Another high point was the first party after the end of exams.  Our college had a disproportionate number of pre-med and pre-law students, people we rarely saw during the passing months, having sequestered themselves in feverish study.  But after exams, with nothing left to prove, they’d emerge, pasty and unclean, and go completely nuts.  Their undeveloped social skills didn’t help, nor did a deep unfamiliarity with the plentiful intoxicants available at the time. 

So it could be that writers are a lot like college kids who spend their undergraduate years, and their parent’s tuition money, actually studying (I held down the other end of that curve).  Since we’re biologically pack animals, long periods of time isolated from human contact probably creates a pent-up demand.  A chance to re-engage ones vocal cords after hours in monkish silence.  An irresistible need to satisfy the intraspecies fellowship programmed into our DNA.

        That’s probably true, but I think an even greater impetus is mingling with people who do the same thing you do.  As with any reference group, be it police chiefs or philatelists, common experience short-circuits all the meandering, and stilted, searches for common ground that characterize social interaction.  Blessedly, when hanging with writers we don’t have to parry the usual inane questions, like “Have you written anything I heard of?” or “When are they going to make a movie out of your book?”  None of us is really very interested in the other’s childhood inspirations, choice of writing software, or process, whatever the hell that means.  In fact, most of my casual conversations with writers have absolutely nothing to do with writing at all.  Sometimes the travails of promotion come up, or an impending book launch, or a new project/agent/publisher, but usually we just talk about our kids and dogs, and recent vacations, just like everyone else. 
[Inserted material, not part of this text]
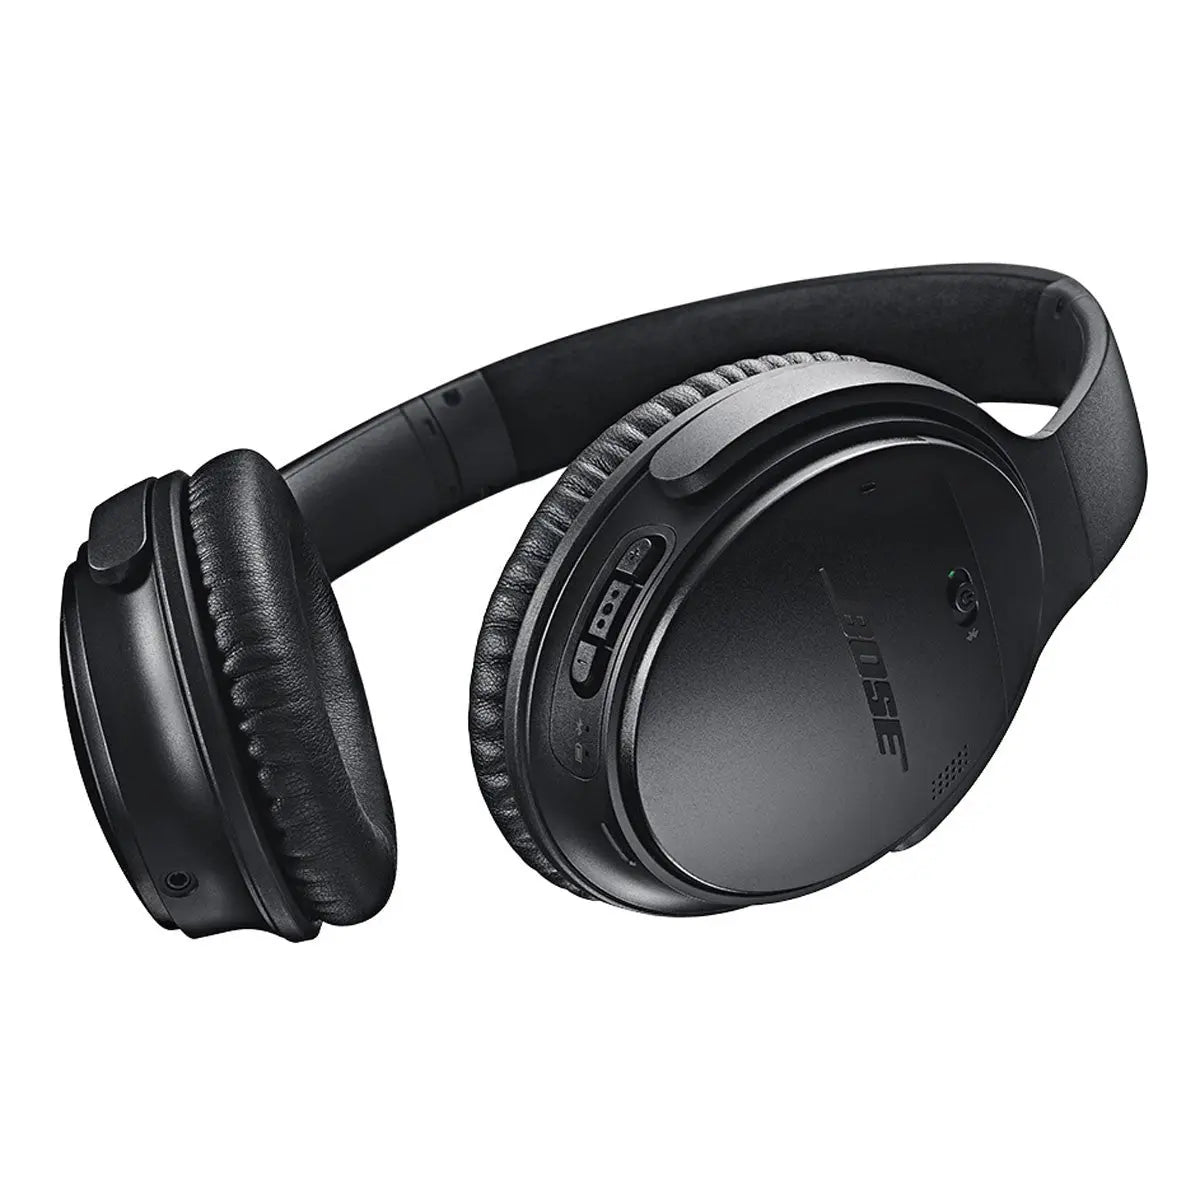 Casque audio Bluetooth Bose QuietComfort 35 Wireless Noir Bose audio
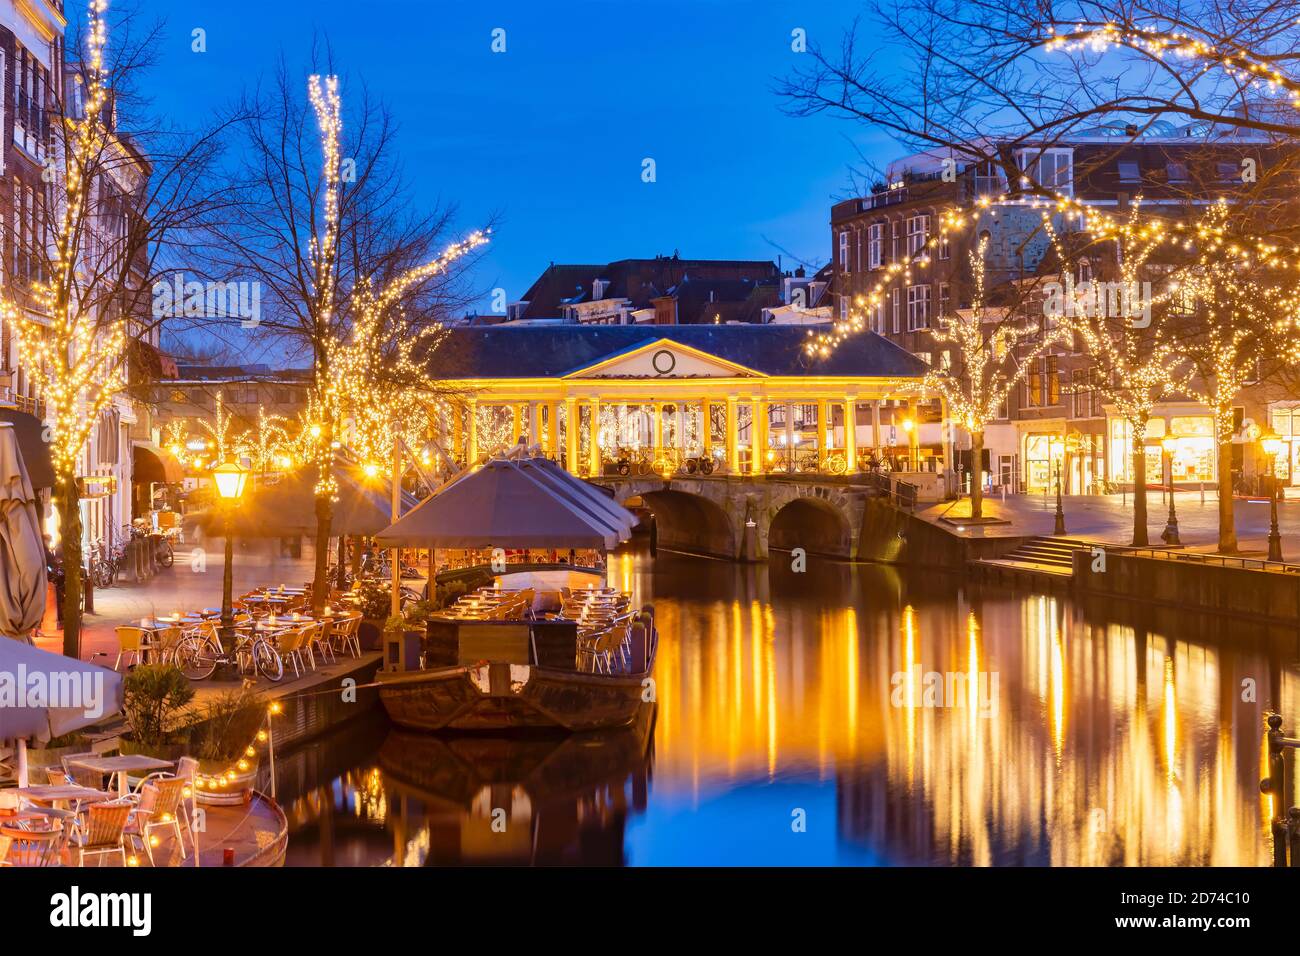 Alte Ansicht des niederländischen Oude Rijn-Kanals mit Brücke, historischen Gebäuden und weihnachtsbeleuchtung im Stadtzentrum von Leiden, Niederlande Stockfoto

Still, I think common sense dictates that writers lean toward introversion, though there are plenty of exceptions.  Somehow a monstruous, flaming ego like Earnest Hemingway managed to win the Nobel Prize for Literature.  As did Winston Churchill, no one’s idea of a wall flower.  I could easily provide a list of mystery and thriller writers who could have

succeeded as standups or late-night talk show hosts (though Johnny Carson was, in fact, an introvert; deviations litter every argument.)  The most flamboyant of my closest friends started out his career as a freelance journalist.  I imagine someone had to strap him into his chair until the article was finished. 

Introverts do have one clear advantage.  While extroverts are shaking hands, kissing cheeks and angling for attention, introverts are watching the room.  They notice little slights and flirtations, they size up personalities and sniff out phony posturing.  Their nerves tingle from the social dynamic, registering envy, vanity and lust.  All of this gets stored away on mental file cards for future use.

        Most of the writers I know fit this description, yet they have a small contingent of people to whom they are very attached.  They prefer to go deep rather than wide.  I’ll cop to being one of those. 

We can turn it on when we need to, then quietly slip back to the keyboard.